The main focus of the reign of al-Yazuri was, however, on the looming threat from the west of the migration of Turkish ethnic groups under the leadership of the Seljuks . In the upheavals it triggered, he recognized the opportunity for the unification of the Arab-Muslim world ( umma ) under the white banner of the Fatimids, through their takeover of power in Baghdad while at the same time eliminating their old rivals, the Abbasids , who had been under the protection of the Seljuks since 1055 . To counter their growing power, al-Yazuri held on to the traditional alliance with the Byzantine Empire , which was kept alive by the negotiating skills of his envoy in Constantinople , Muhammad al-Qudai (d. 1062). The Turkish renegade Arslan al-Basasiri , whom al-Yazuri contacted in the spring of 1056 through his intermediary al-Muayyad al-Shirazi (d. 1078) , offered himself as a military tool . Financed and equipped by Cairo, al-Basasiri raised an army of other Turkish militants and Arab Bedouins in the Jazira , with whom he was able to begin the confrontation with the Seljuks and inflict their first defeat at Sinjar on January 9, 1057. This success and the ensuing capture of the largest cities in Iraq, with the exception of Baghdad, was nullified in the same year by the bribe of the Seljuk Sultan, who thus induced the Bedouin clans to abandon the Fatimid cause and thus al-Basasiri to retreat from Iraq.

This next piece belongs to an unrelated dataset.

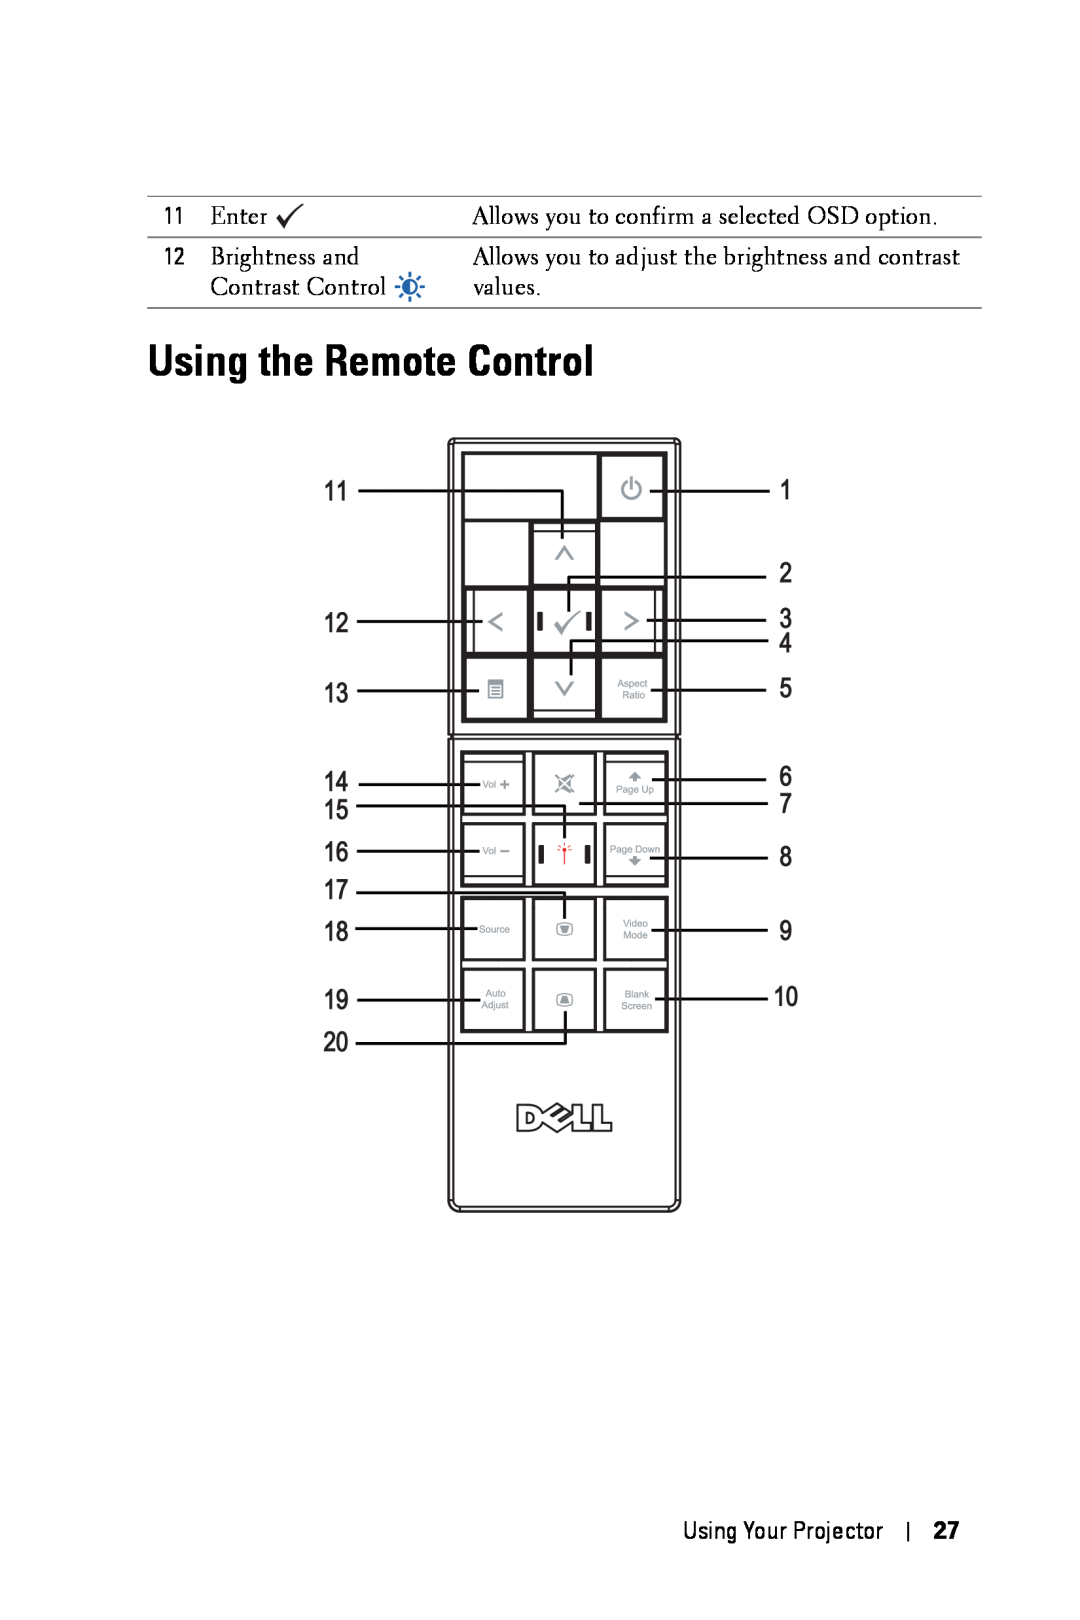 Dell 7609WU Using the Remote Control, Enter, Allows you to confirm a selected OSD option, Brightness and, Contrast Control

The setback in Iraq led to the rapid overthrow of al-Yazuri in Cairo, who was arrested and removed from office on February 28, 1058 in a coup by his own confidants. They accused him of high treason against the caliph by accusing him of a secret conspiracy with the Seljuks, which was probably based on unfounded accusations. On March 18, 1058, he was allegedly executed on the prison island of Tinnīs in Lake Manzala without the knowledge of the incapacitated caliph .

literature

  • Heinz Halm : The Caliphs of Cairo. The Fatimids in Egypt 973-1074. CH Beck, Munich 2003, ISBN 3-406-48654-1 .
  • Michael Brett: The Execution of al-Yāzūrī. In: Orientalia Lovaniensia Analecta, Vol. 83 (1998), pp. 15-27.